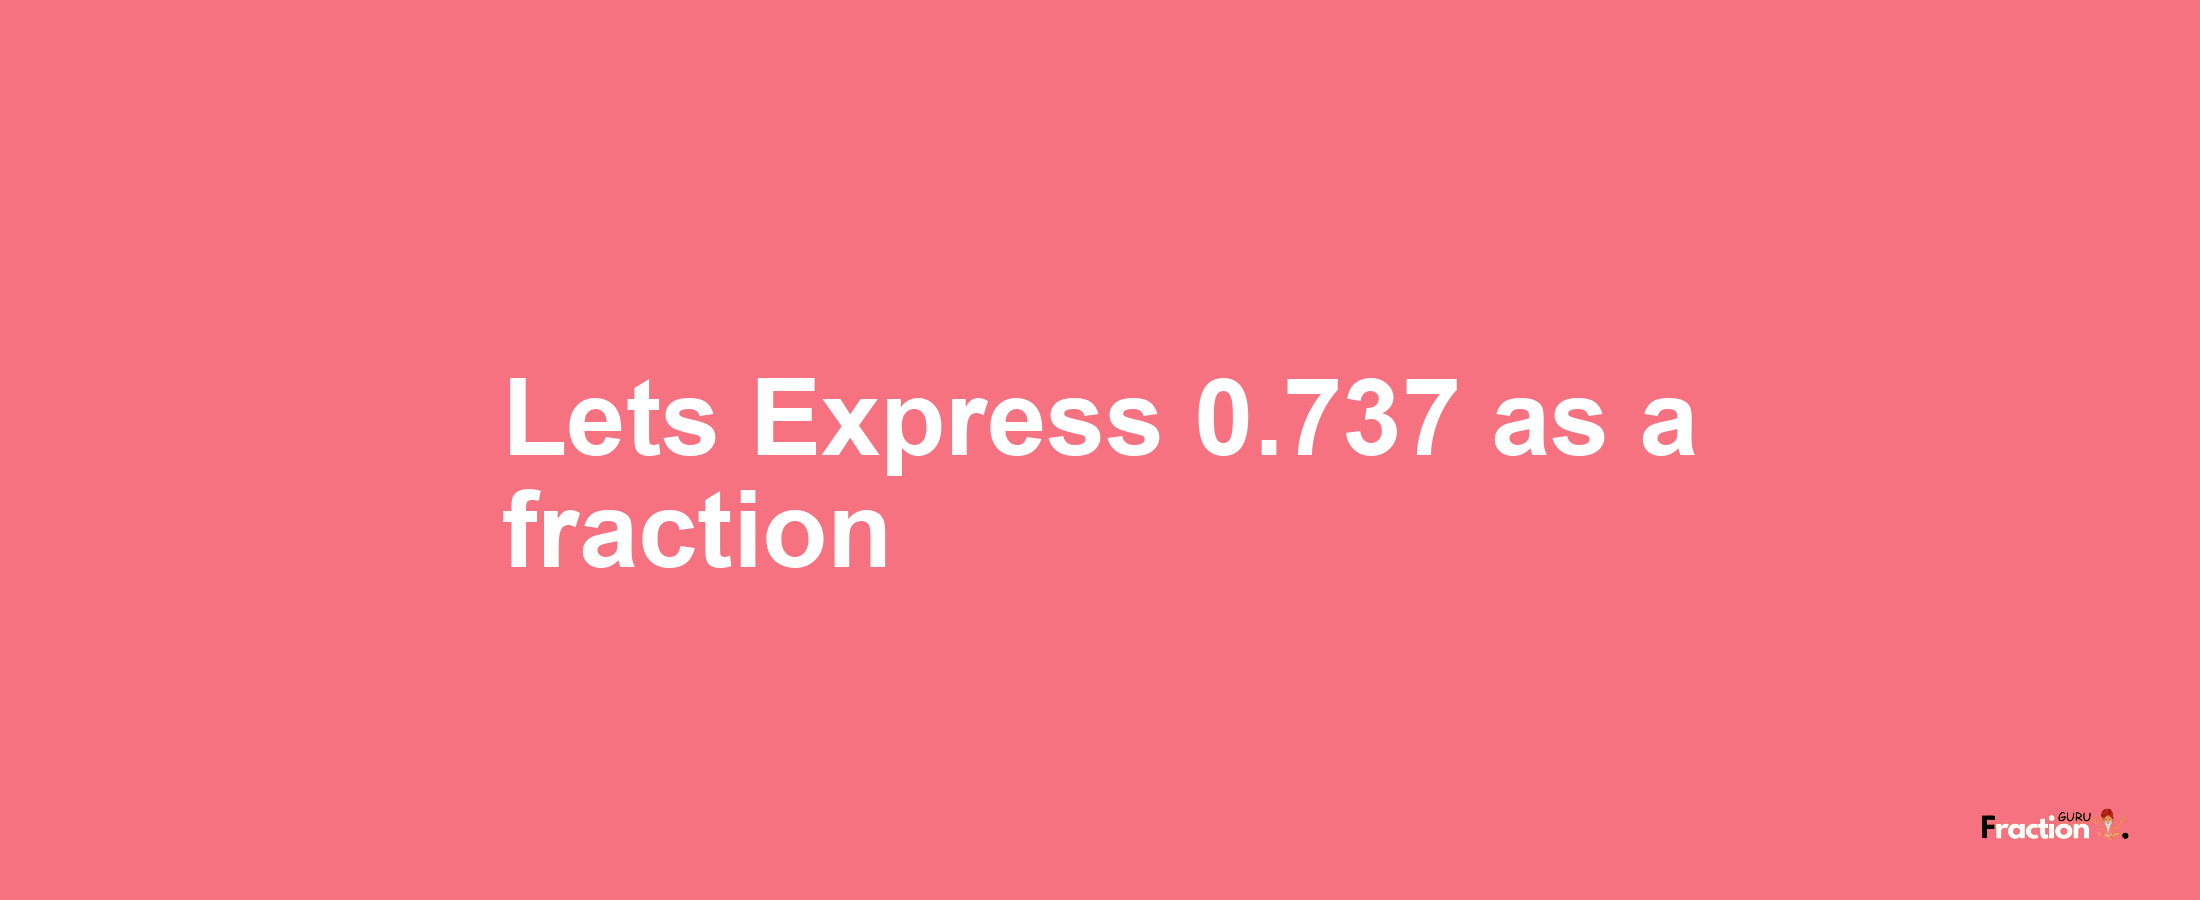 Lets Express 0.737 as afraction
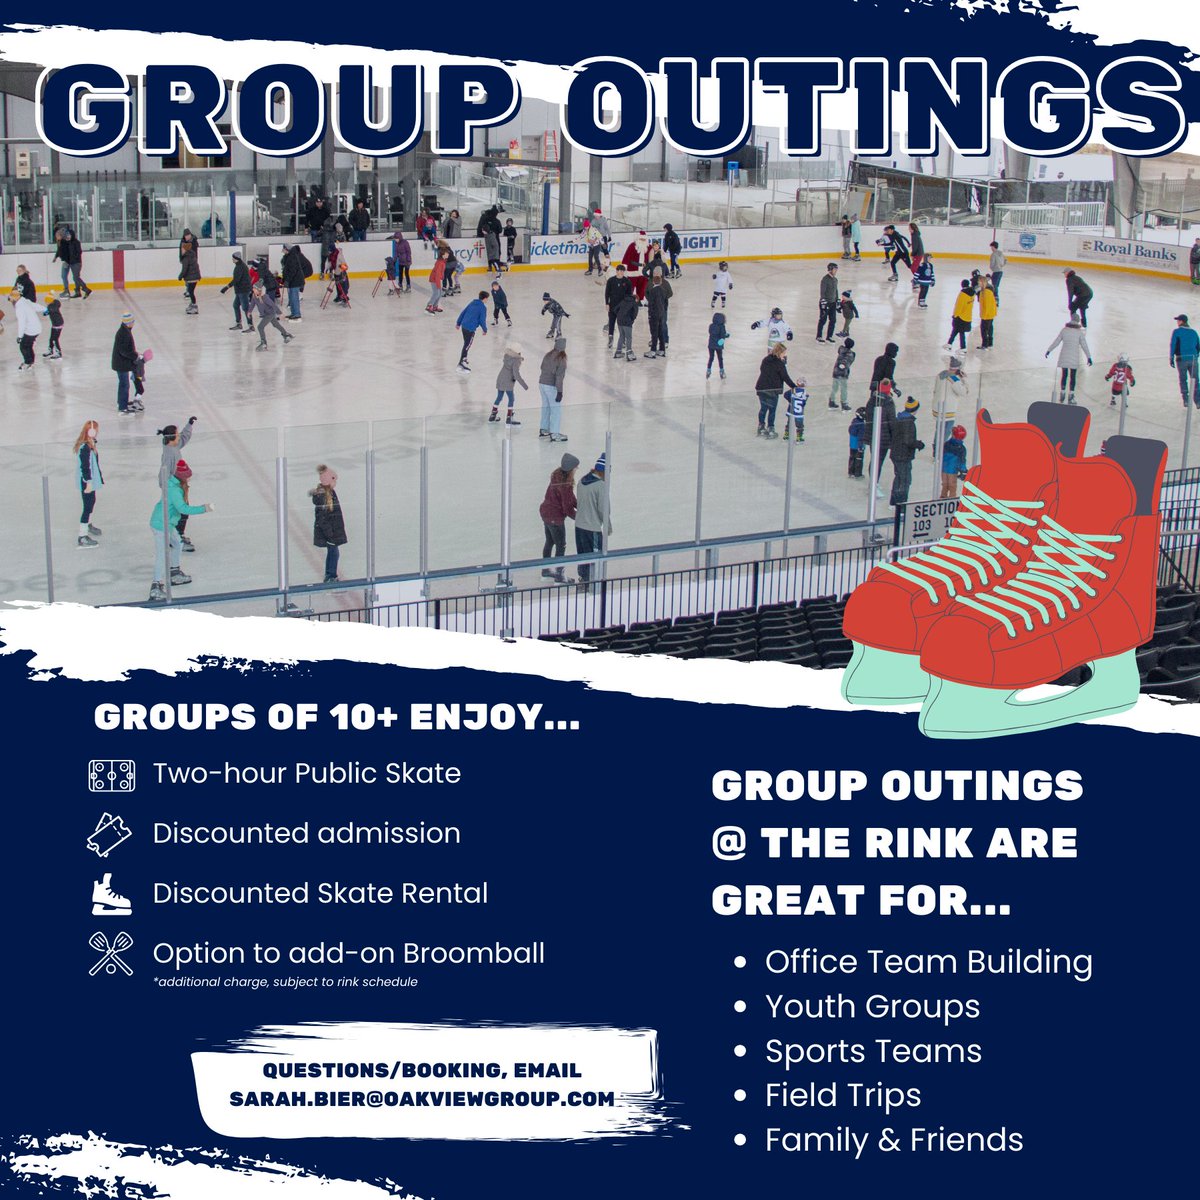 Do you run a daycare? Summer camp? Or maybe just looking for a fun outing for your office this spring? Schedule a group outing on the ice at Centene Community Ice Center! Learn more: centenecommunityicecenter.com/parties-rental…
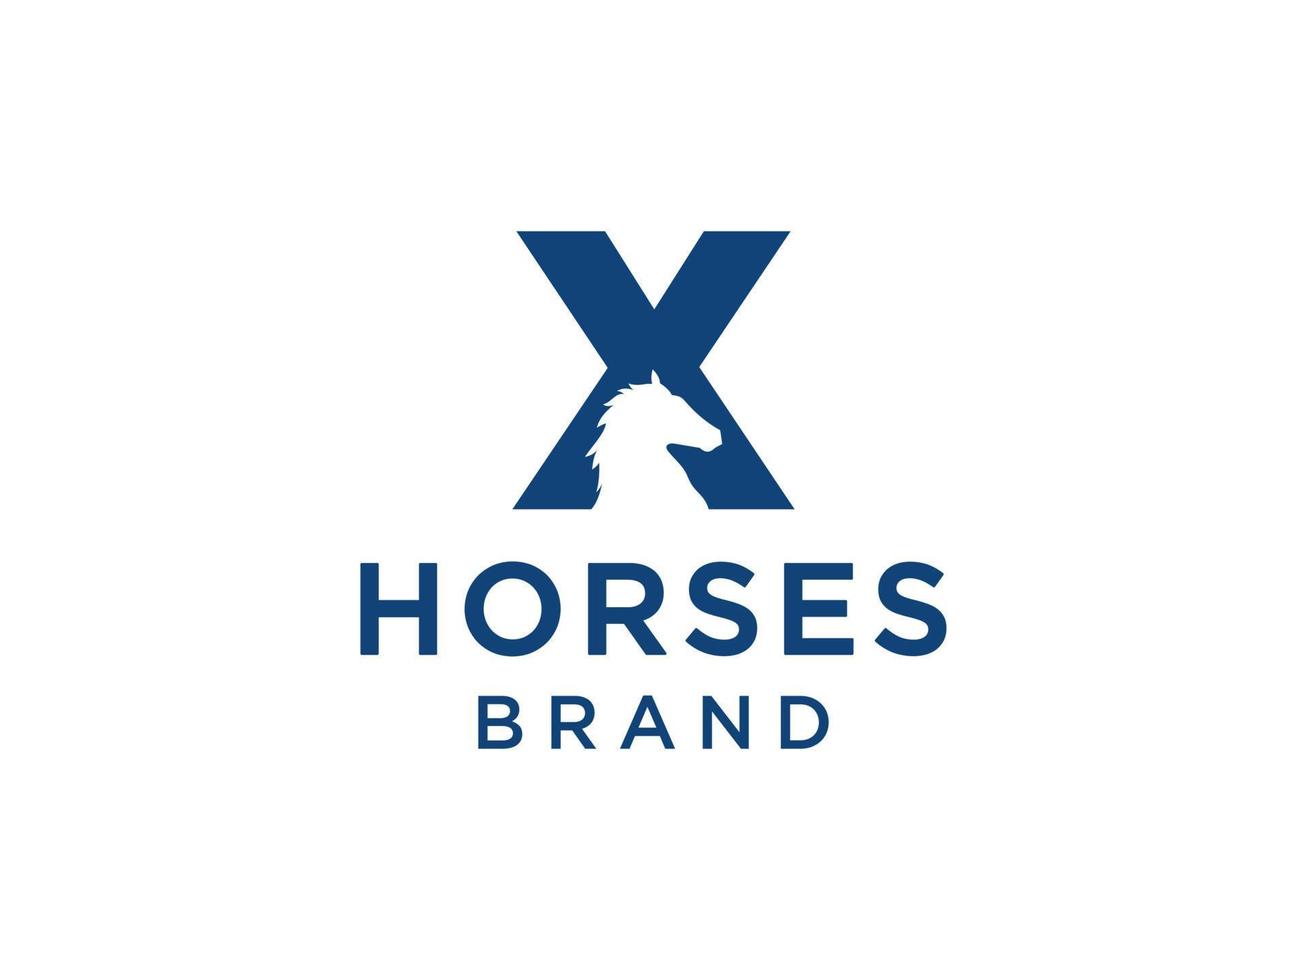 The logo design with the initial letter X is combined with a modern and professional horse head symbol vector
§
Give the data back exactly, omitting all pictures.

• [Task response]:
 Lets Express 0.737 as afraction
 Do you run a daycare? Summer camp? Or maybe just looking for a fun outing for your office this spring? Schedule a group outing on the ice at Centene Community Ice Center! Learn more: centenecommunityicecenter.com/parties-rental…
 The logo design with the initial letter X is combined with a modern and professional horse head symbol vector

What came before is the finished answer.